A Fiber is a JavaScript object that represents a unit of work. Every component instance, DOM element, and React internal concept gets a Fiber node. Together they form a tree — the Fiber tree.

Fiber Node Structure

interface Fiber {
  // Identity
  tag: WorkTag;             // FunctionComponent, HostComponent, etc.
  type: any;                // 'div', Counter, Fragment, etc.
  key: string | null;

  // Tree structure
  return: Fiber | null;     // Parent fiber
  child: Fiber | null;      // First child
  sibling: Fiber | null;    // Next sibling

  // State
  memoizedState: any;       // Hook linked list (functions) or state (classes)
  memoizedProps: any;       // Props from last render
  pendingProps: any;        // Props for this render

  // Effects
  flags: Flags;             // Placement, Update, Deletion, etc.
  subtreeFlags: Flags;      // Aggregated flags from children
  updateQueue: any;         // Queue of state updates

  // Alternate
  alternate: Fiber | null;  // Points to the other tree (current <-> workInProgress)

  // Priority
  lanes: Lanes;             // Which lanes this fiber has pending work in
  childLanes: Lanes;        // Lanes from descendants
}

The Two-Tree Architecture (Double Buffering)

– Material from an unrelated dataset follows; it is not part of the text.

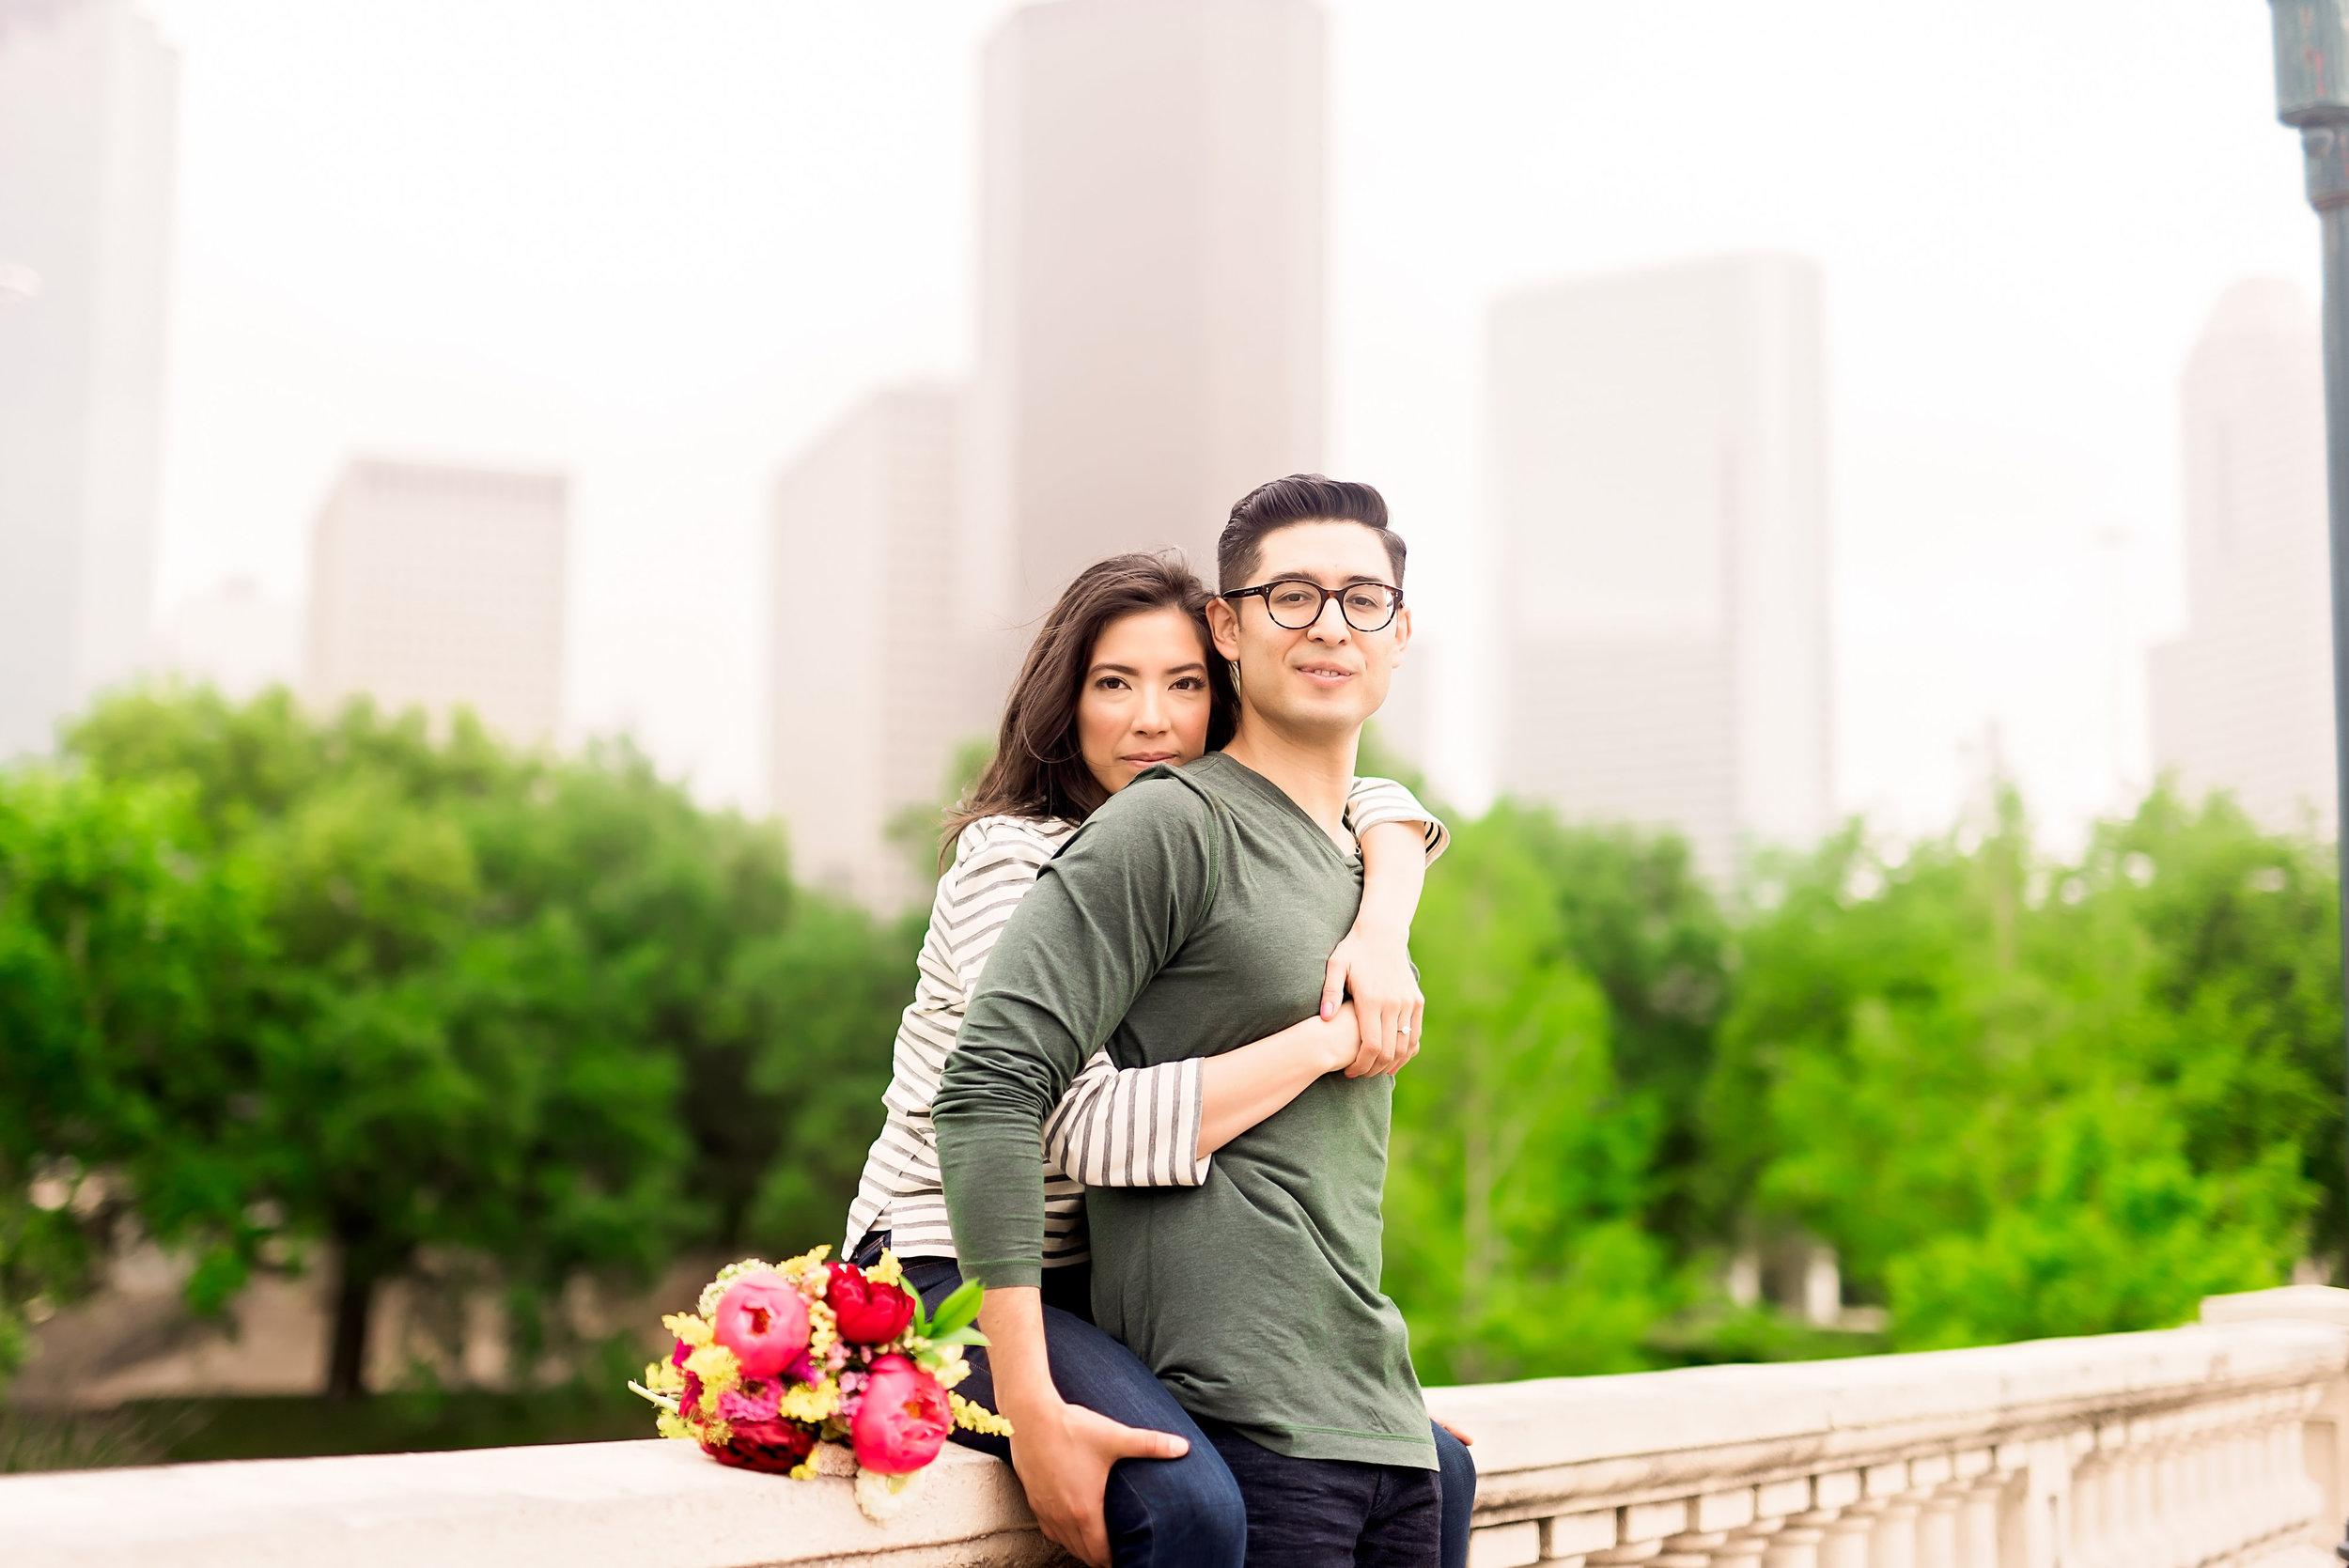 Engagement Session- Houston Engagement- Texas Photographer- Pharris Photography- Buffalo Bayou- Moses and Melody

React maintains two Fiber trees at all times:

1. Current tree — represents what is currently on screen
2. Work-in-progress (WIP) tree — being built during the next render

Current Tree          Work-in-Progress Tree
    App ←── alternate ──→ App
   / \                   / \
  H1  Counter          H1  Counter
      |                     |
    Button               Button

When the WIP tree is complete, React commits it: the WIP tree becomes the new current tree. This is the double-buffering technique — render to an off-screen buffer, then swap.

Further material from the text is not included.